- Born: Charles Albert Stopford III May 1962 (age 63–64) Orlando, Florida
- Other names: Christopher Edward Buckingham; Hans Peter Schmidt; Alexi Romanov;
- Occupation: IT security consultant
- Known for: Living under an assumed identity for over twenty years
- Spouse: Jody Hussey ​ ​(m. 1984; div. 1997)​
- Children: 2
- Parent(s): Charles and Barbara Stopford
- Criminal charge: Passport fraud
- Penalty: 22 months in prison, reduced to 9 months on appeal

= Charles Stopford =

Security consultant and impostor (born 1962)

Charles Albert Stopford III (born May 1962) is an American imposter who posed as the Earl of Buckingham and lived under the assumed name of Christopher Buckingham for over twenty years.

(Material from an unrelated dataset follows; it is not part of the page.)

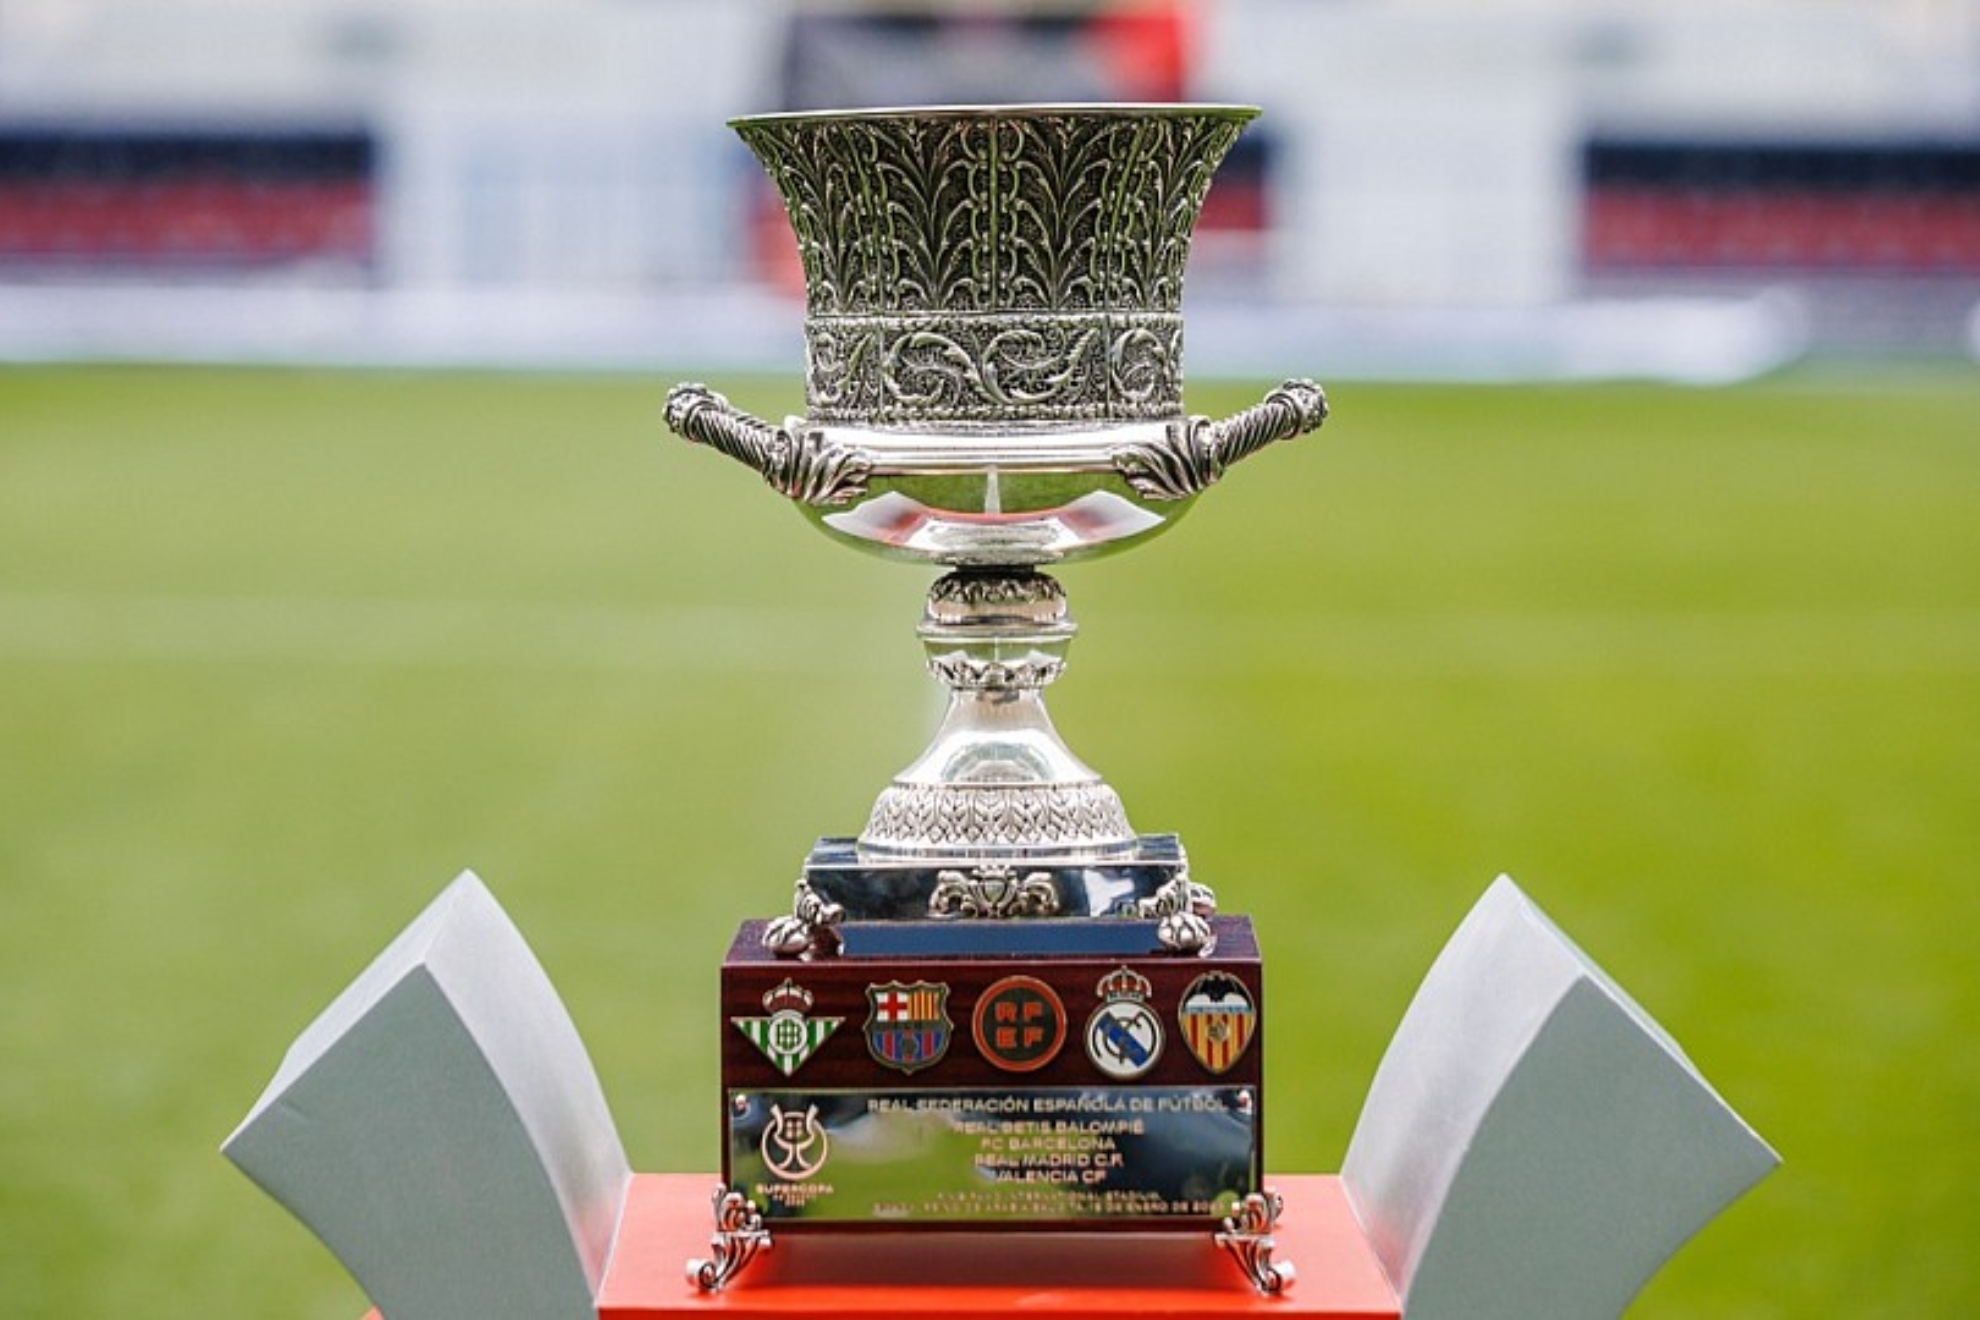 Trofeo de la Supercopa de Espa�a: historia,  qui�n lo dise�a, medidas, peso y materiales

The press dubbed him ‘the real Jackal’ due to his use of a method described in the novel The Day of the Jackal to assume the identity of a deceased infant.

==Early life==
Charles Stopford, the eldest of nine children, was born in Orlando, Florida, to Charles and Barbara Stopford. He is of English ancestry. Family members described him as being fascinated with British culture and adept at mimicking an English accent.

After graduating high school in 1980, Stopford enlisted in the US Navy. Upon being discharged, he found employment at Walt Disney World in the United Kingdom Pavilion at Epcot, where he would speak with an English accent while entertaining visitors.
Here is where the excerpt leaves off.